Las enredaderas carmesí eran salvajes y horripilantes. Estos nano soldados de Divine Arms estaban recurriendo al uso de la fuerza de sus nanomáquinas para liberarse de las garras de esta aterradora planta. Pero cada vez que se liberaban de algunas de las enredaderas, otras nuevas volvían a envolverlas. Las afiladas espinas de las enredaderas se clavaron en los cuerpos de estos oficiales e intentaron succionar hasta la última gota de sangre de ellos.

Pero lo más aterrador de estas zarzas era lo infinito. Se sentía como si no tuviera fin, independientemente de cómo intentaron atravesarlo todo.

Ninguno de los soldados rasos que los alcanzó se atrevió a avanzar y rescatarlos. En el momento en que vieron esas zarzas, comenzaron a retroceder juntos. Algunos de ellos incluso cayeron a la nieve presa del pánico.

Solo Ren Xiaosu sabía que estas zarzas no eran tan fuertes como parecían. Aunque estaban debilitando a los oficiales de Divine Arms extrayendo su sangre, no tenían un número infinito de ramas.

En este momento, una de las zarzas tenía todas sus ramas completamente arrancadas.

Sin embargo, Ren Xiaosu había plantado cuatro semillas, todas en el mismo lugar, solo por seguridad.

Cuando los oficiales del Batallón de Armas Divinas sintieron que se les agotaban las fuerzas, gritaron a los soldados rasos: «¡Venid y sálvanos!».

Pero, ¿cómo estaría dispuesta a ayudar una turba como las tropas privadas? ¡Era más probable que huyeran que ayudar!

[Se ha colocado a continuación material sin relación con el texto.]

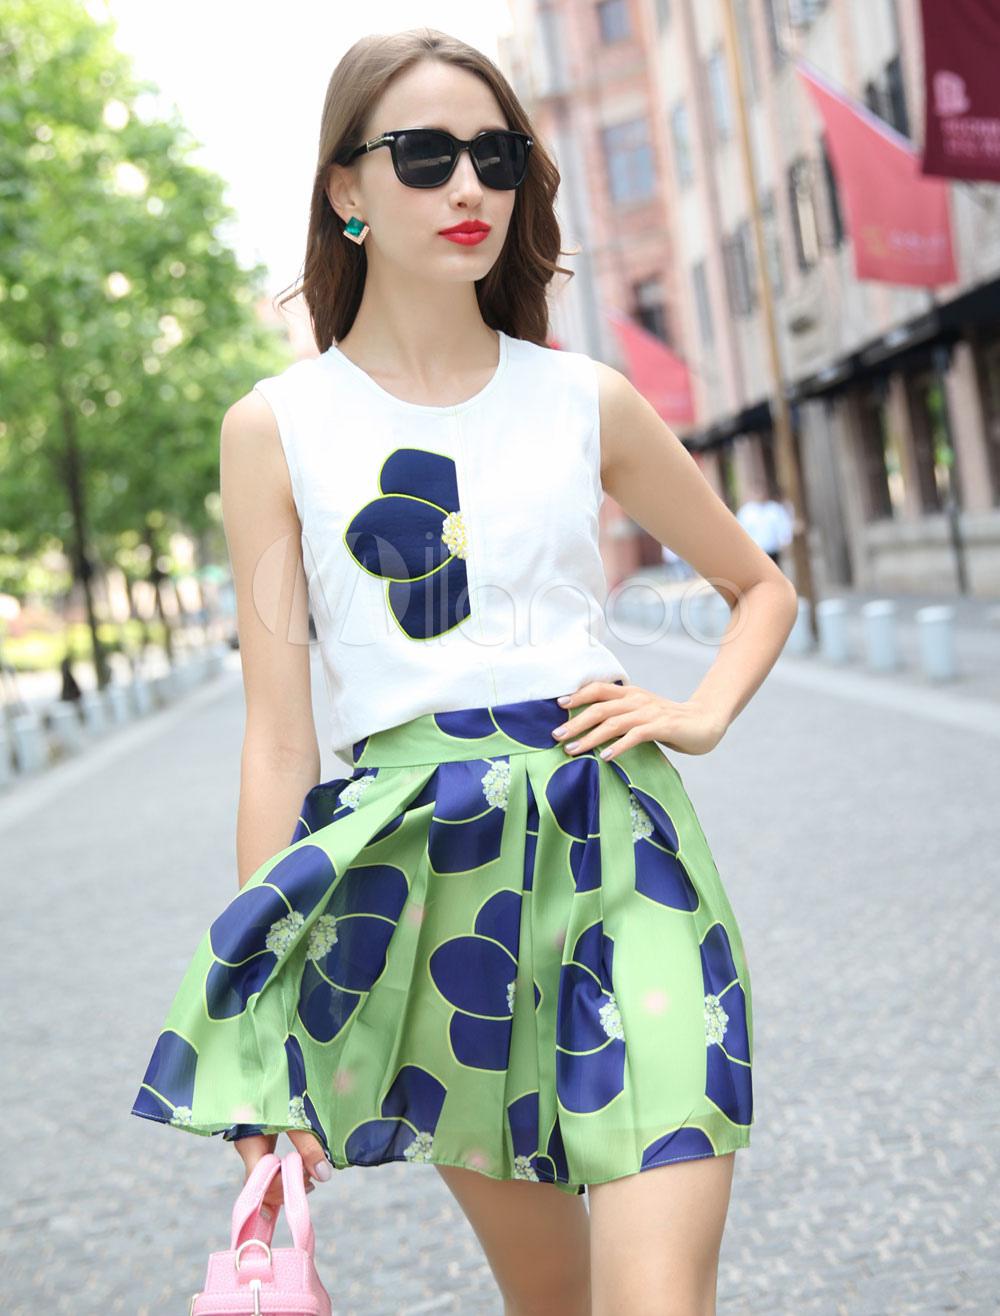 White Print Chiffon Top and Skirt for Women

Cuando Ren Xiaosu vio esto, exhaló un suspiro de alivio. Lo que más le preocupaba era que algunas de las tropas privadas fueran a intentar salvarlos. Después de todo, no importa cuán fuertes fueran las cuatro zarzas, no podrían resistir a casi 1,000 personas que las atacan.

Los oficiales del Batallón de Armas Divinas solo tenían la culpa, ya que no ayudaron ni una vez a las tropas privadas durante todo el viaje. Así que todos miraron desde el margen cuando vieron a los oficiales angustiados. Algunas personas incluso se regodeaban en su miedo.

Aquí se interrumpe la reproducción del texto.